QUEENS — What's old is new again.
Instead of shopping for the latest styles, a Queens group says it may be easier to dig out some old clothes stuck deep down in your closet, and make them fashionable again with just a few adjustments.
Participants in a workshop held at the Afrikan Poetry Theatre in Jamaica this weekend will learn tricks to do just that with fashionista Princess Benn-James, organizers said.
The workshop will focus on “clothes repurposing which has everything to do with being very creative with what you have,” said Akosua Albritton, the event organizer.
A lot can be done to jazz up a dull shirt, Albritton said. For example, old buttons can be replaced with new mismatched ones, sleeves can be cut and ruffle can be added, she said. “And now that shirt has been repurposed, it’s got your personality on it and it's more fashionable."
Benn-James will show attendees how to turn loose buttons, shells and beads into jewelry, how to put a new spin on an old dress and how to turn a pair of worn-out jeans into a skirt or purse.
“You can get very creative with transforming that old piece of clothing into something that’s much more artistic looking,” Albritton said.
The workshop is part of a series of green initiatives planned by the theater, which has been operating in Jamaica since 1977.
The center is also working on organizing an urban farming workshop and an eco-fashion show.

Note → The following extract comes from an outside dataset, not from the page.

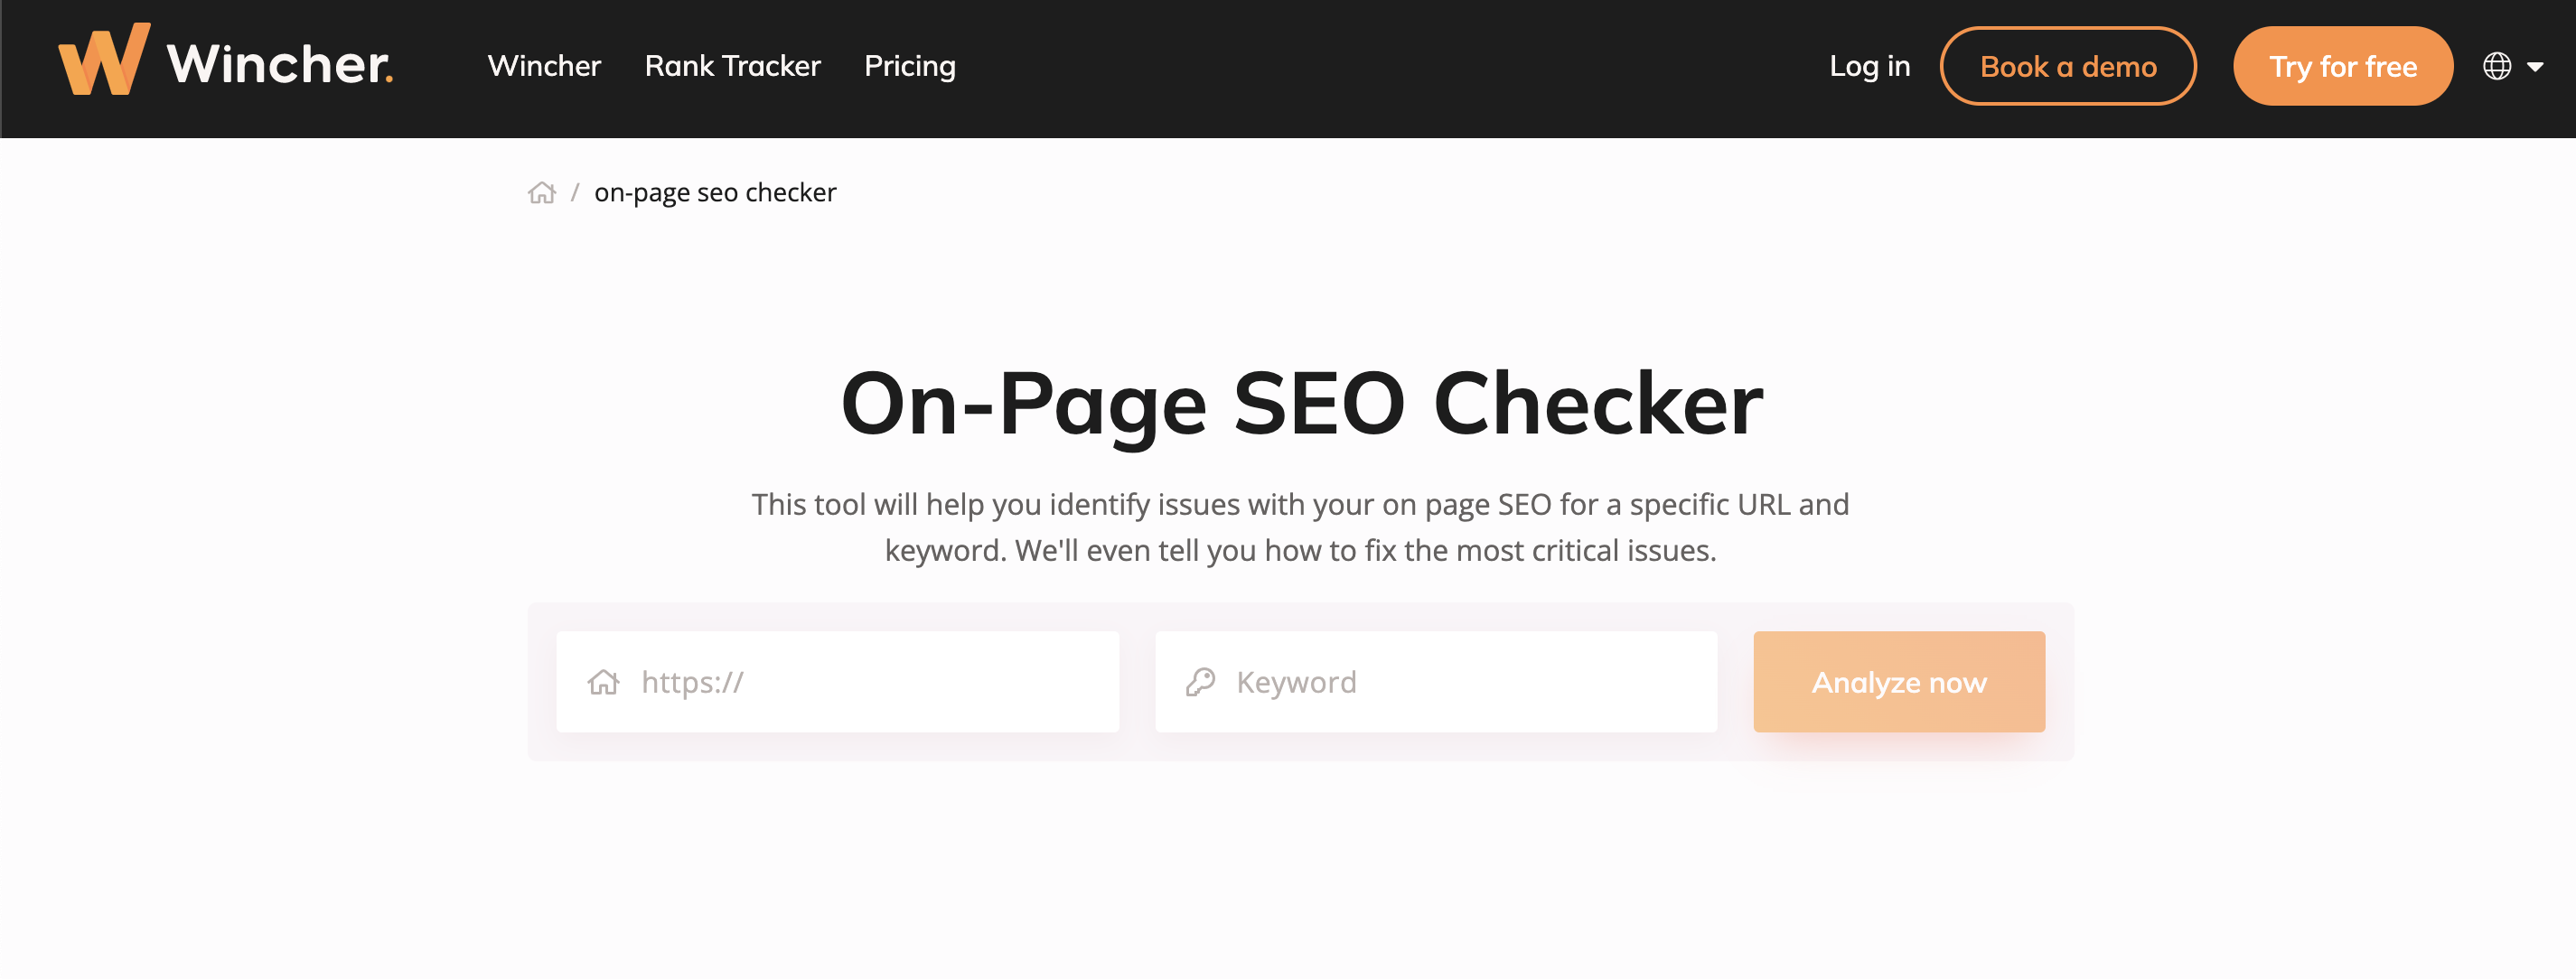 wincher on page seo checker top 10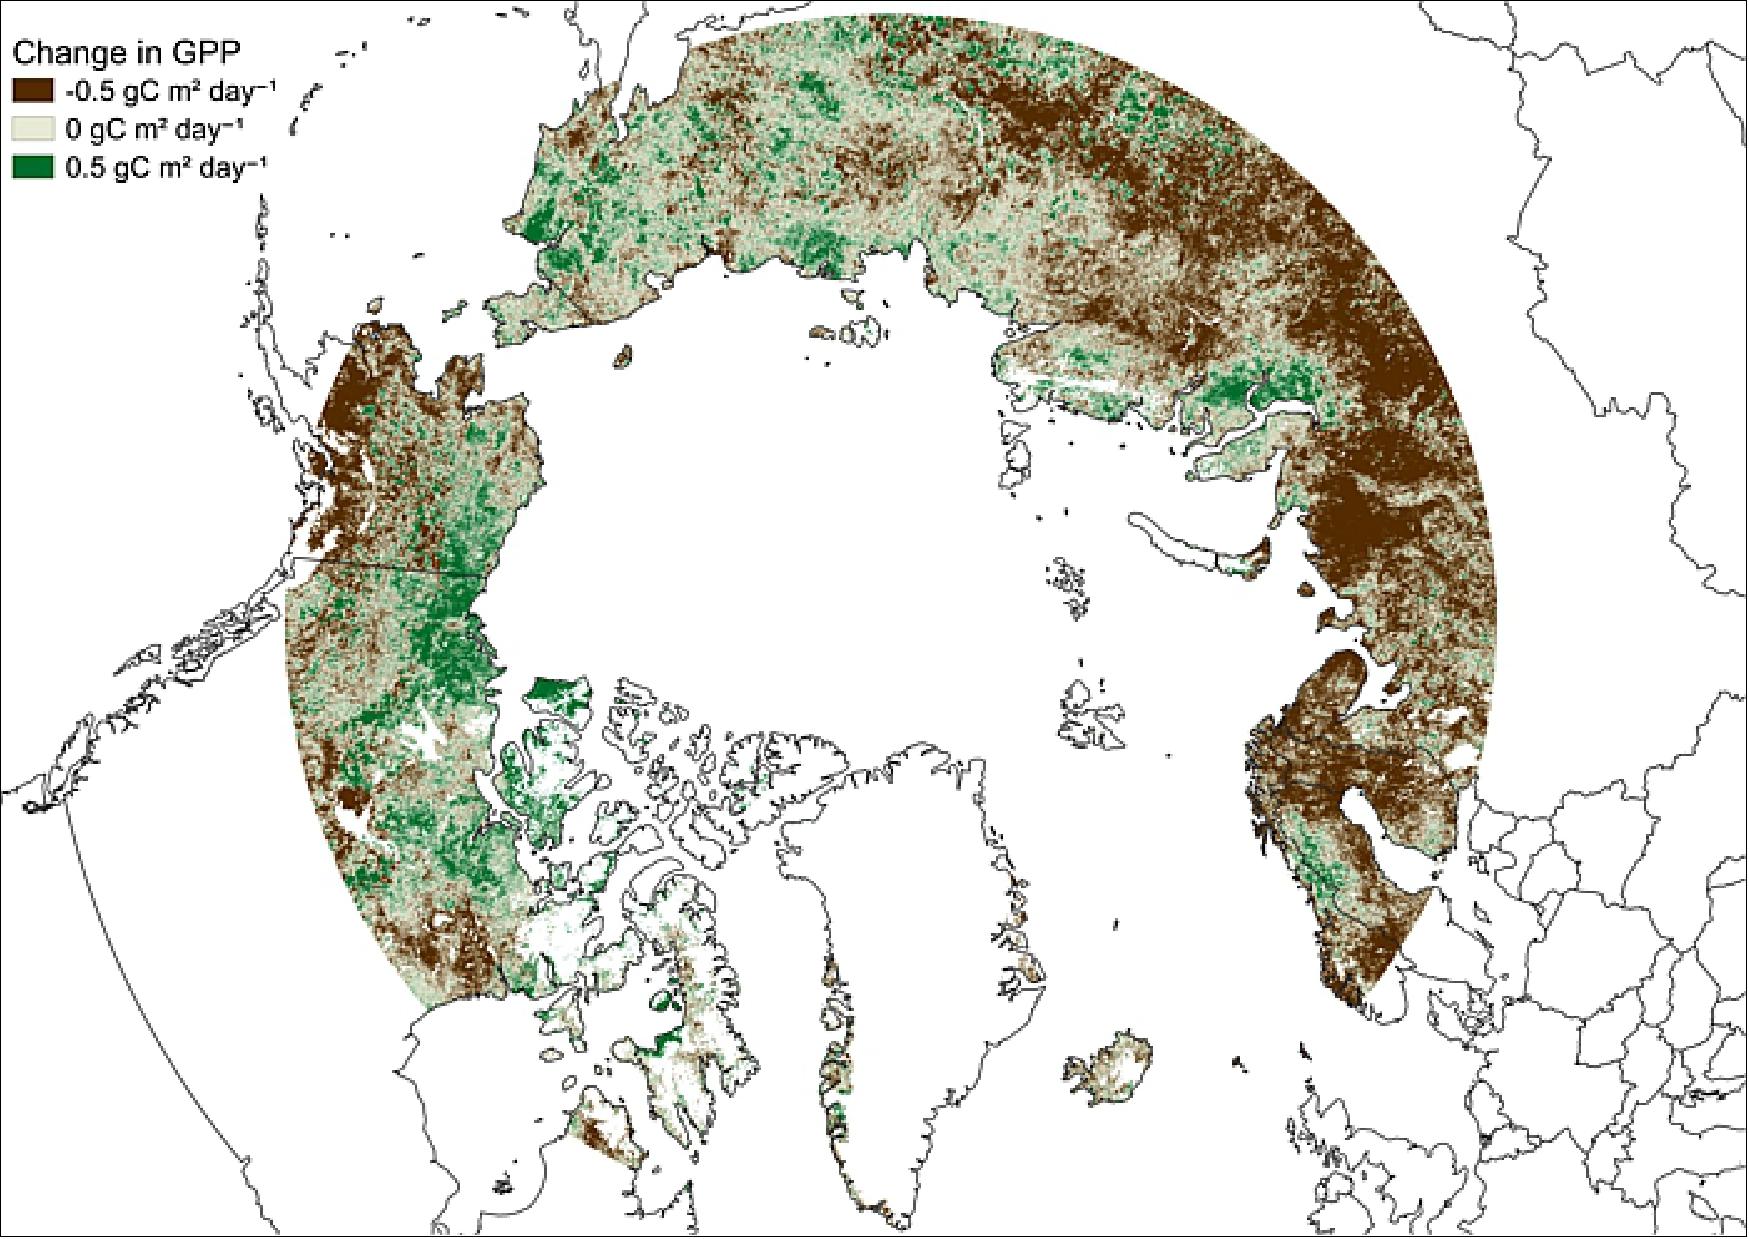 Figure 15: Changing Arctic productivity. In parts of the Arctic tundra, temperatures are increasing rapidly as a result of climate change. This has resulted in complex changes in plant communities, with satellite data showing that some parts of the Arctic are ‘greening’ whilst other areas are said to be ‘browning’. Using the Earth System Data Lab, scientists are looking at components such as rock or soil types to understand changes in plant productivity in the Arctic, beyond just temperature. The image shows changes in mean maximum gross primary productivity across five years between 2001–2005 and 2011–2015 at high latitudes (>60°N). Notable changes in gross primary productivity are evident including large increases in northern Canada, and decreases in parts of Alaska and Siberia, highlighting the heterogeneous pattern of productivity change over time (image credit: ESA, derived from FLUXCOM land–atmosphere energy fluxes, hosted on the Earth System Data Lab)

The two-story center, where artists such as poet Jessica Care Moore, and Danny Simmons, a Neo-African expressionist painter, presented their works, is also awaiting a gut renovation, which will turn it into a green building, said John Watusi Branch, the theatre's executive director.
Branch said he hopes the renovations, which he said had been delayed by red tape, will start later this year.
Clothes repurposing workshop will take place on Sunday, July 21, from 4 p.m. to 6 p.m. The Afrikan Poetry Theatre is located at 176-03 Jamaica Avenue, bet. 176th and 177th streets. Suggested admission fee: $15. Participants should bring clothes that they want to repurpose.